To respond to the problem, the operation apparatus of the invention stores the correction values associated with the pressing directions as correction data, and corrects the pressing point based on the correction data. Concretely, as shown in FIG. 1D, the operation apparatus of the invention stores as the correction data in association with the item of “operation position” the item of “correction value (X)” relevant to the detected pressing point and the item of “correction value (P)” relevant to the pressing force.

The item of “operation position” specifies the pressing directions that have two types: the direction from the driver seat and the direction from the passenger seat. The items of “correction value (X)” and “correction value (P)” specify the correction values based on previously assumed values.

The operation apparatus corrects the pressure values detected by the respective pressure sensors PS based on the correction value in the item of “correction value (P),” derives the pressing point based on the corrected pressure values, and then corrects the derived pressing point based on the correction value in the item of “correction value (X).” As shown in the item of “correction value (X),” only the correction value in the X-axis direction is taken into account here. However, the correction value in the Y-axis direction may be taken into account as well.

In an example, in the case where the operation apparatus of the embodiment is pressed from the direction of the driver seat and the coordinate of the derived pressing point is (x, y), the coordinate of the pressing point may be corrected into (x+5, y) or into (x+5, y+2) with additional correction of Y-axis direction based on the correction data. The operation apparatus may store only the correction data associated with the operation position of the driver seat. In this case, the correction data does not need the item of “operation position.”

As above, the operation apparatus of the embodiment corrects the pressing point derived based on the pressure values detected by the four pressure sensors PS by use of the correction data associated with the pressing direction and the pressing force. This prevents erroneous detection of the pressing point even in the case where the touch panel is pressed from the oblique direction to the touch panel surface AP.

On the embodiment, the operation apparatus stores the correction values as the correction data for correction.

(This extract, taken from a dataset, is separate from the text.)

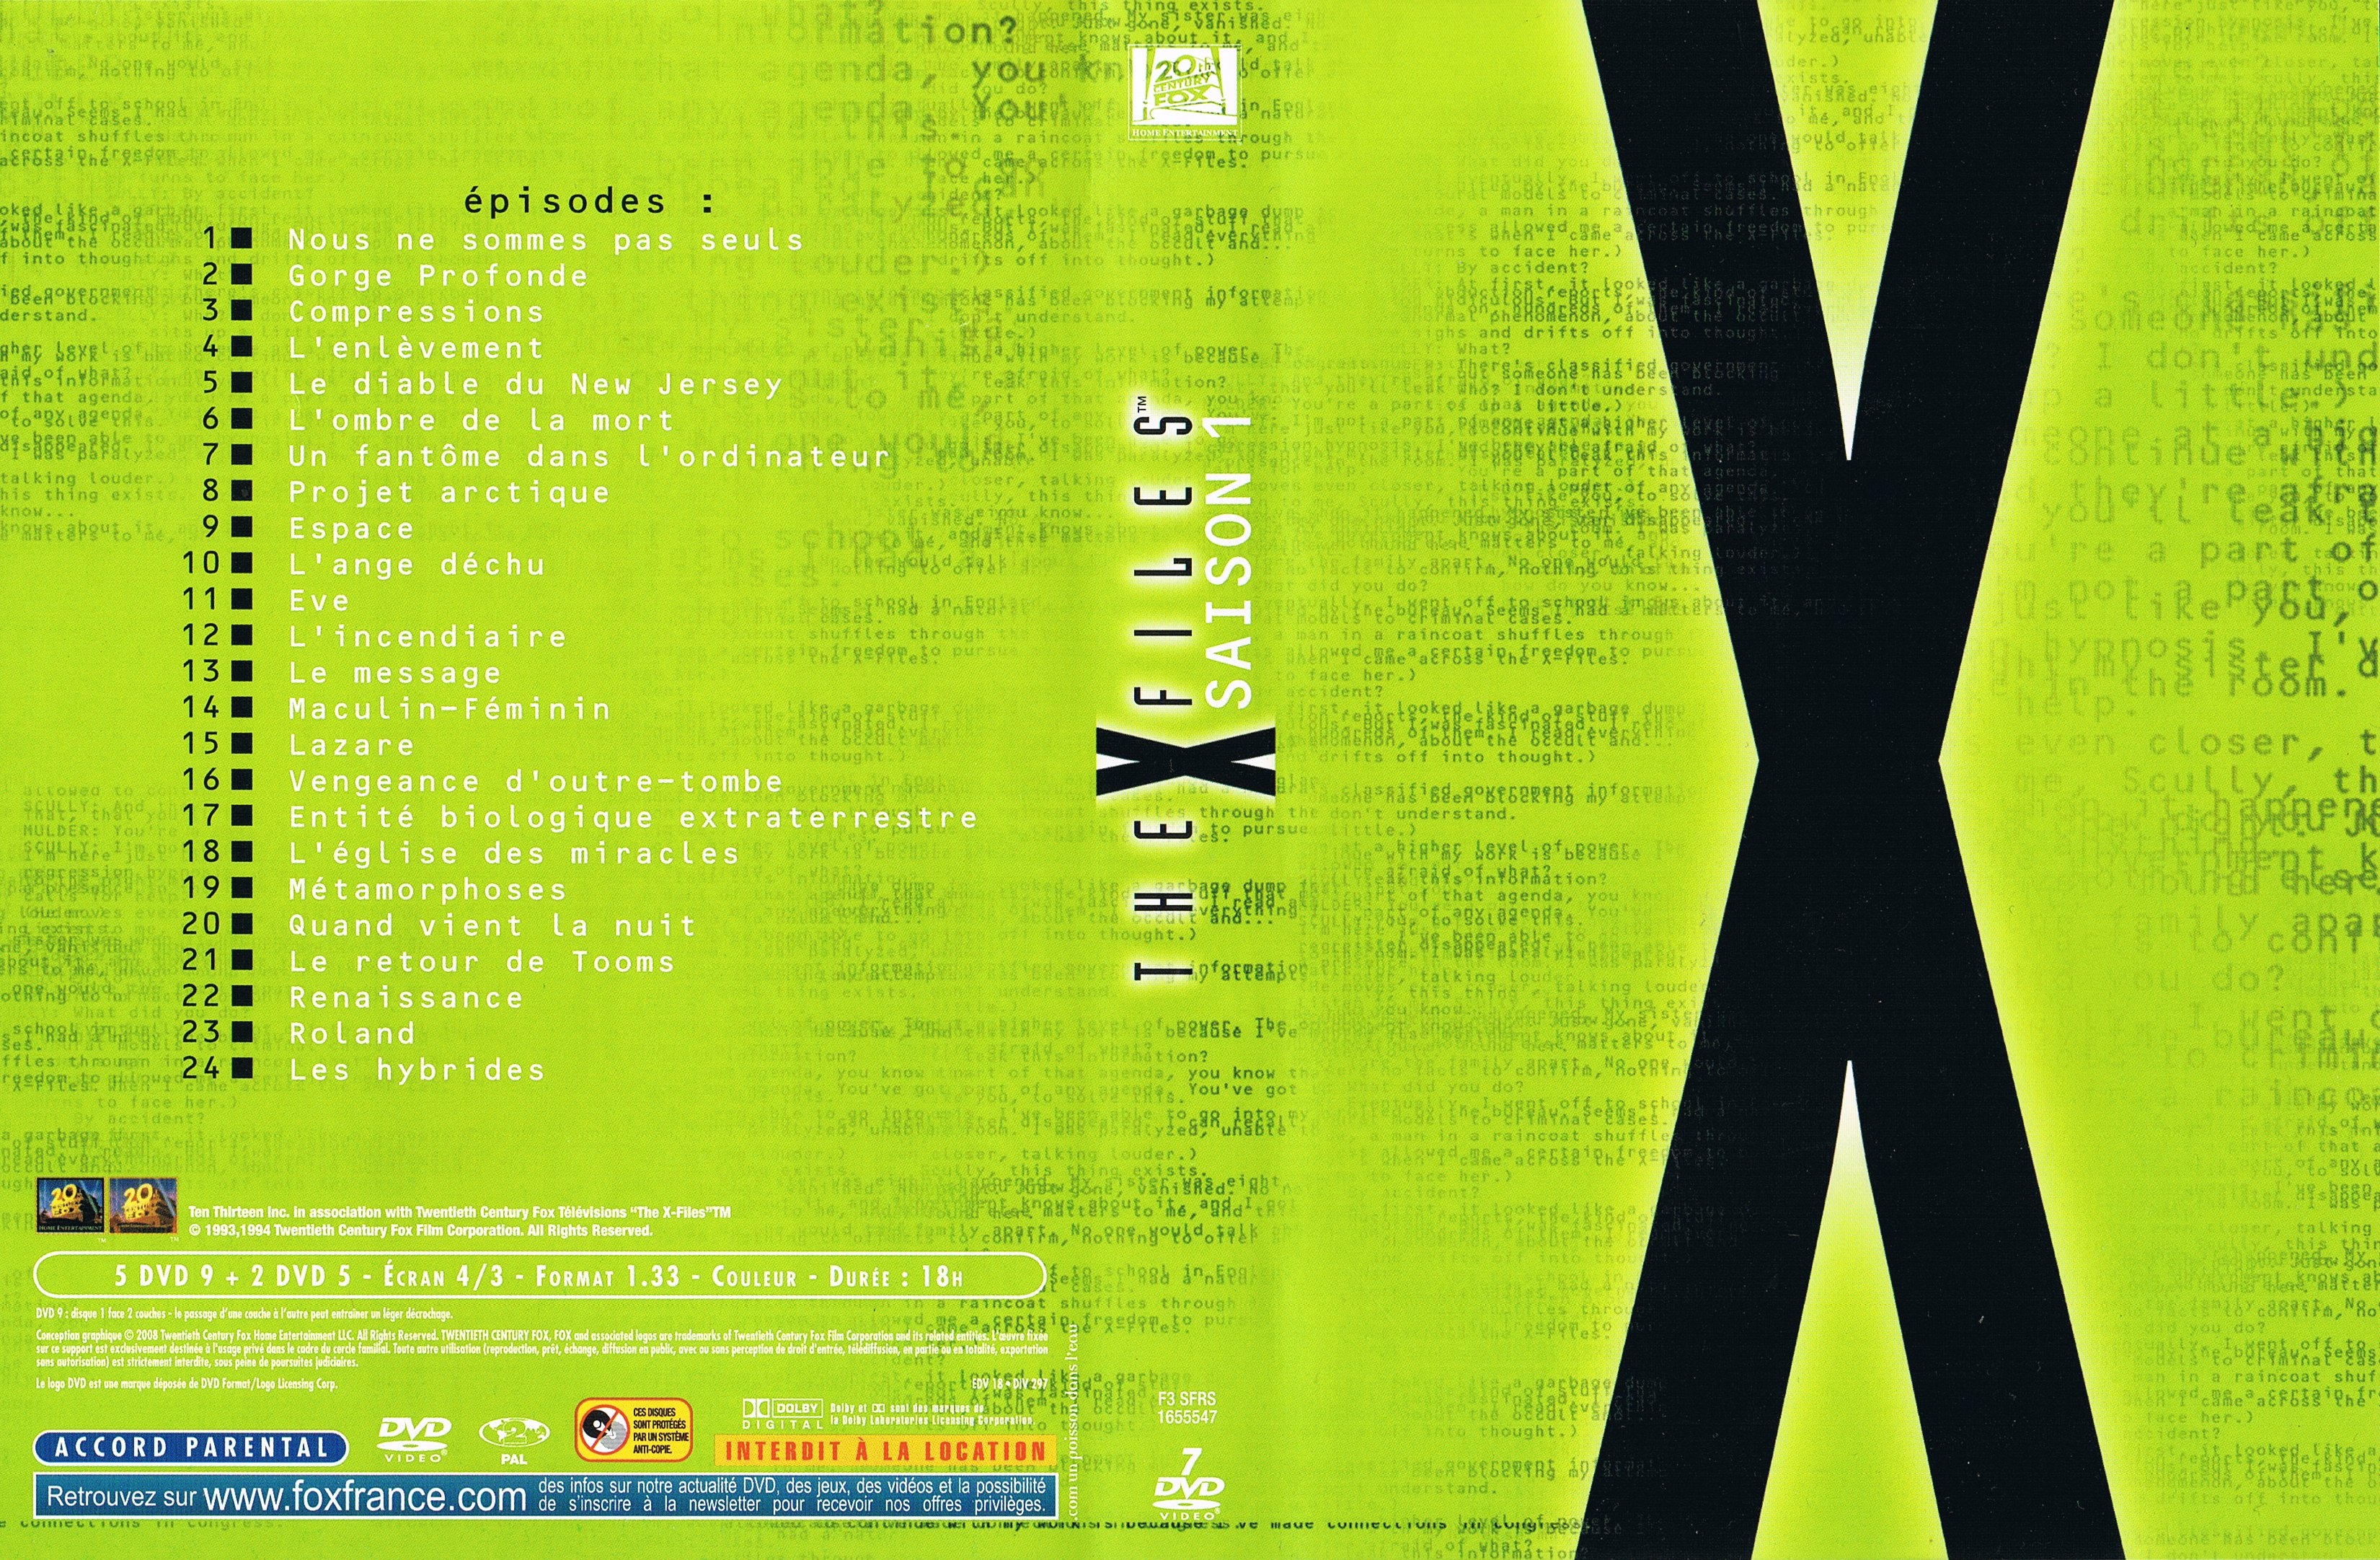 Jaquette DVD X files saison 1 COFFRET v2

However, the operation apparatus may store an arithmetic expression as correction data for the correction. In this case, the arithmetic expression for correction may use parameters converted from tilt levels and the operation positions. There is another adaptable method where the operation apparatus stores the arithmetic expression partially based on the parameters of the tilt levels and the operation positions, and calculates the arithmetic expression by use of other parameters.

The operation apparatus of the invention stores, as the correction data, the correction values based on the previously assumed values. The operation apparatus may obtain the pressing point actually pressed by a user, adjust the correction values based on the comparison between the obtained pressing point and the center of the reference button (hereinafter, referred to as “calibration”), and may store the adjusted correction values as the correction data.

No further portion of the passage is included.